Hyperliquid Seen as Strongest Perp DEX Despite Market Share Decline, Analyst Says
Competition in decentralized perpetuals trading is heating up, but DeFi analyst Patrick Scott argues that Hyperliquid’s fundamentals give it long-term staying power.
Perp DEX Market in Transition
Perpetual futures — or “perps” — are crypto derivatives that allow traders to speculate on asset prices without expiry. Decentralized venues for these products, known as perp DEXes, have gained significant traction as traders increasingly migrate away from centralized exchanges (CEXes) like Binance.
According to Scott, perp DEXes have grown from under 2% of centralized perpetual trading activity in 2022 to more than 20% of the market last month. Hyperliquid, which issues the HYPE token, has been one of the main drivers of this growth.
Still, the competitive landscape has shifted dramatically. Hyperliquid’s market share of perp DEX trading volume has tumbled from 45% to just 8% in recent weeks, while Binance-affiliated rival Aster surged past $270 billion in weekly trades. Other new entrants, including Lighter and edgeX, also recorded triple-digit growth in volumes.

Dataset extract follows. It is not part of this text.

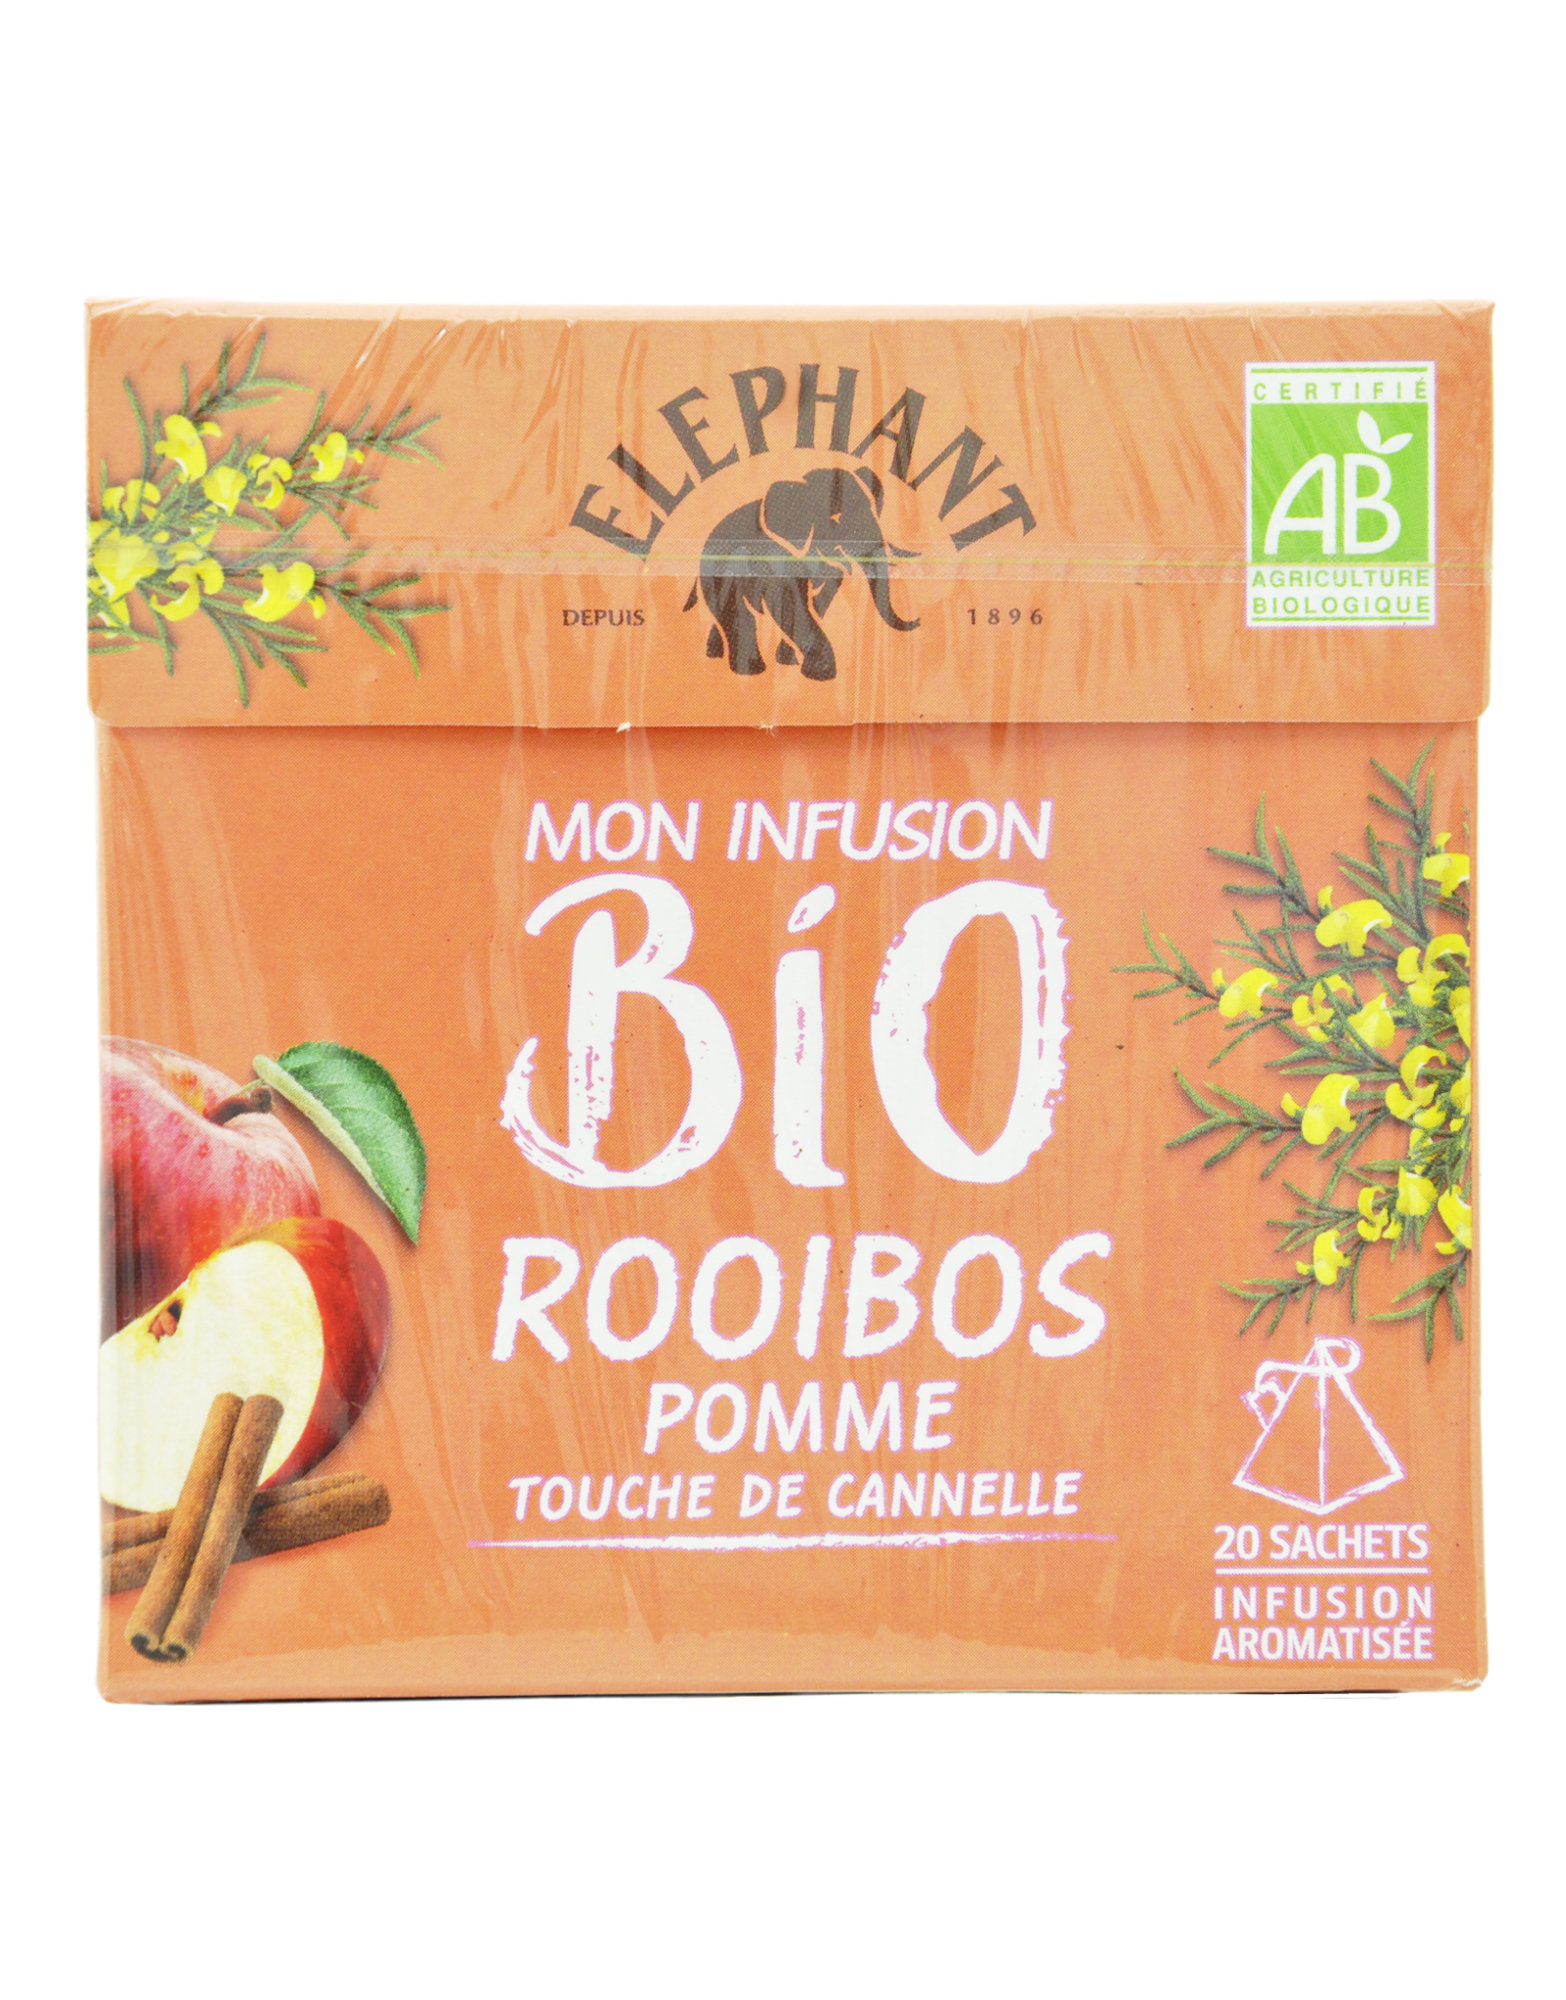 Elephant - Herbal Infusion Rooibos Apple and Cinnamon by Ki, 20

Why Hyperliquid Still Leads
Despite the sharp decline in share, Scott contends Hyperliquid remains the most “investable” perp DEX. He points to strong revenue, what he considers a fair valuation relative to peers, and deep user engagement reflected in open interest.
“Unlike volume or revenue, which capture short-term trading activity, open interest represents liquidity — and it’s far stickier,” Scott wrote, noting that Hyperliquid still commands around 62% of perp DEX open interest globally.
Beyond trading metrics, Scott highlighted Hyperliquid’s broader ecosystem expansion. The project’s HyperEVM network already hosts more than 100 protocols with $2 billion in total value locked. Its stablecoin, USDH, is backed by reserves managed by BlackRock and Superstate, providing institutional-grade credibility.
Another development, HIP-3, would allow builders to introduce new perp markets by staking substantial amounts of HYPE, creating what Scott describes as a “supply sink” for the token.
Key Risks
Scott acknowledged risks to his thesis. A sharp decline in Hyperliquid’s open interest or revenue, or a failure by USDH to attract meaningful liquidity in the next year, could undermine the bullish case. For now, however, he believes Hyperliquid is better positioned than competitors relying heavily on incentive-driven growth.